Environmental justice and economic divides: a shared challenge

Governments across the globe are increasingly confronted with two pressing challenges: environmental degradation and the persistence of economic inequality. While each has long been the subject of policy debate, there has been little effort to understand how they are connected, or to examine whether initiatives designed to mitigate one might also shape the other. Addressing this gap, a new study entitled The Economics of Inequality and the Environment, co-authored by the Potsdam Institute for Climate Impact Research (PIK) and published in the Journal of Economic Literature, offers the first comprehensive overview of how environmental protection and social inequality interact.

At the heart of the study lies the concept of social welfare, understood as the sum of individual well-being derived from consumption, leisure, and environmental quality. The researchers emphasise that environmental policy affects all three components, not only through improvements in air, water, or climate, but also through shifts in incomes and prices. Because these changes are felt differently by rich and poor households, environmental policies are rarely neutral in their distributional effects. A tax on fossil fuels, for example, may alter the relative welfare of different groups even before considering its environmental benefits.

As co-author Ulrike Kornek, a PIK researcher and Professor of Environmental and Resource Economics at Kiel University, explains, this perspective has concrete implications for climate policy design. The success of instruments such as carbon pricing depends heavily on whether they widen or reduce the income gap. Governments can redistribute revenues to protect poorer households, but this raises further questions about the overall impact on emissions. Moreover, the degree of inequality within a society influences its collective willingness to invest in environmental protection, while climate change itself tends to deepen existing disparities, creating a feedback loop between the two issues.

The study investigates these links through three main channels. The first is the distribution of benefits from environmental policy. Poorer households, often lacking the resources to adapt to extreme weather, tend to gain more from measures that reduce climate risks. Fewer days of excessive heat, for instance, can improve productivity and wages, while reducing workplace accidents. Similarly, climate stability supports agriculture, potentially lowering food prices and enhancing food security. In this way, environmental policy can serve not only ecological but also social objectives.

The second channel concerns the distribution of costs. Policies that increase the price of essentials such as petrol or heating fuel tend to affect poorer households disproportionately, particularly in industrialised countries. At the same time, industries exposed to climate regulations may pass on costs through reduced wages or lower returns on capital, indirectly shaping the gap between rich and poor.
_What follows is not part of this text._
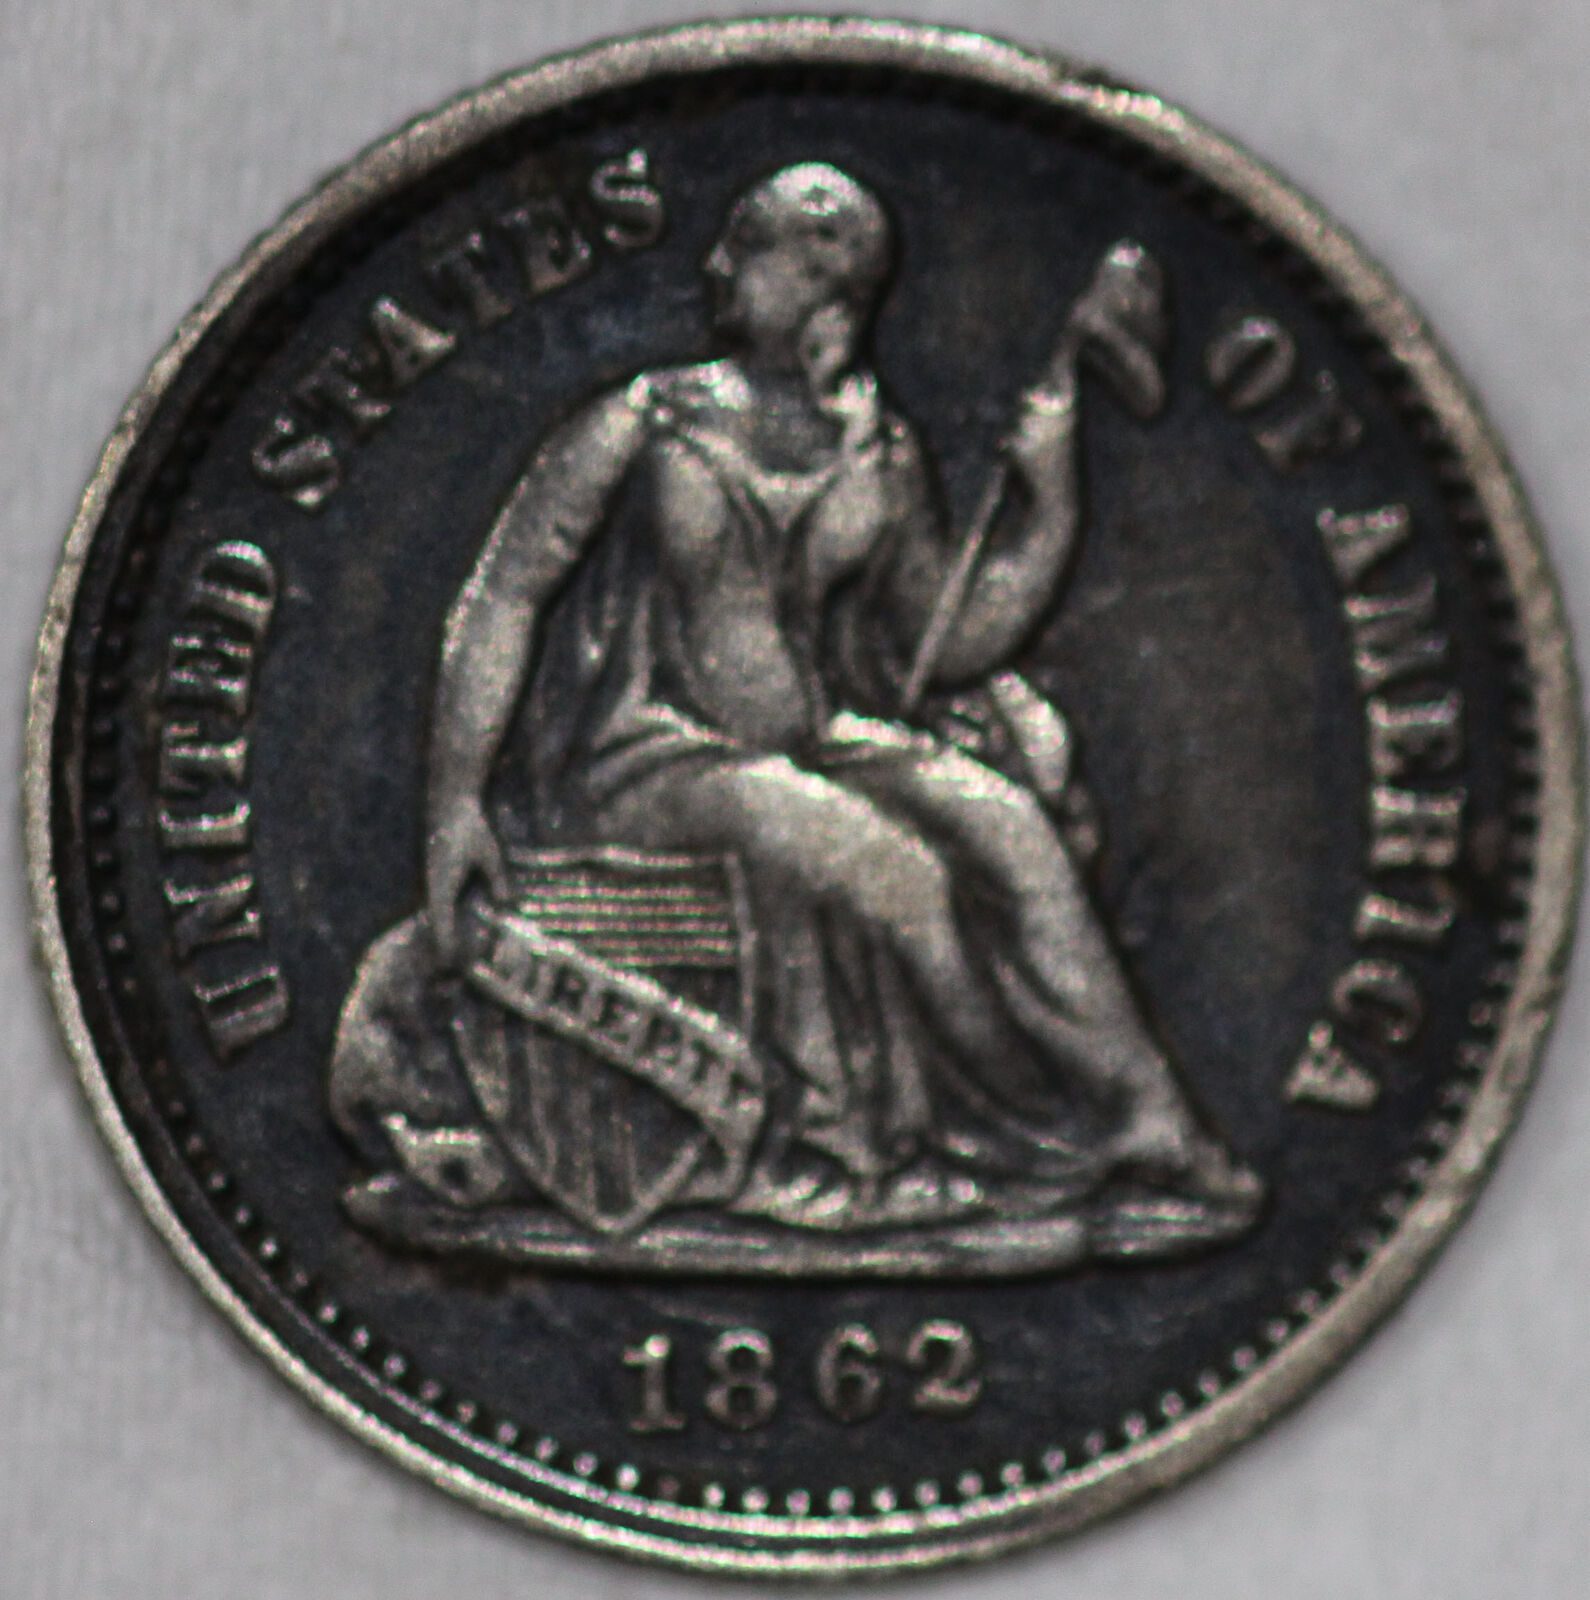 1862-p Seated Liberty Half Dime Impaired Proof, Lightly Circulated As Shown

The third channel highlights the feedback from inequality to environmental outcomes, what the researchers term the “equity–pollution dilemma.” Here, redistribution that improves the economic position of poorer households can inadvertently increase spending on carbon-intensive goods. At the same time, persistent inequality may weaken the political consensus needed for ambitious climate action.

To strengthen the evidence base for policymaking, the authors call for more empirical studies that measure “income elasticities”—the extent to which changes in household income alter behaviours such as energy consumption or willingness to pay for climate protection. They also stress the need for more precise environmental data to map these interactions in detail. As Kornek concludes, inequality and environmental degradation cannot be addressed in isolation. Only by recognising their interplay can governments design strategies that deliver both fairness and sustainability, ensuring that efforts to protect the planet also support social cohesion.

More information: Ulrike Kornek et al, The Economics of Inequality and the Environment, Journal of Economic Literature. DOI: 10.1257/jel.20241696

Journal information: Journal of Economic Literature Provided by Potsdam Institute for Climate Impact Research (PIK)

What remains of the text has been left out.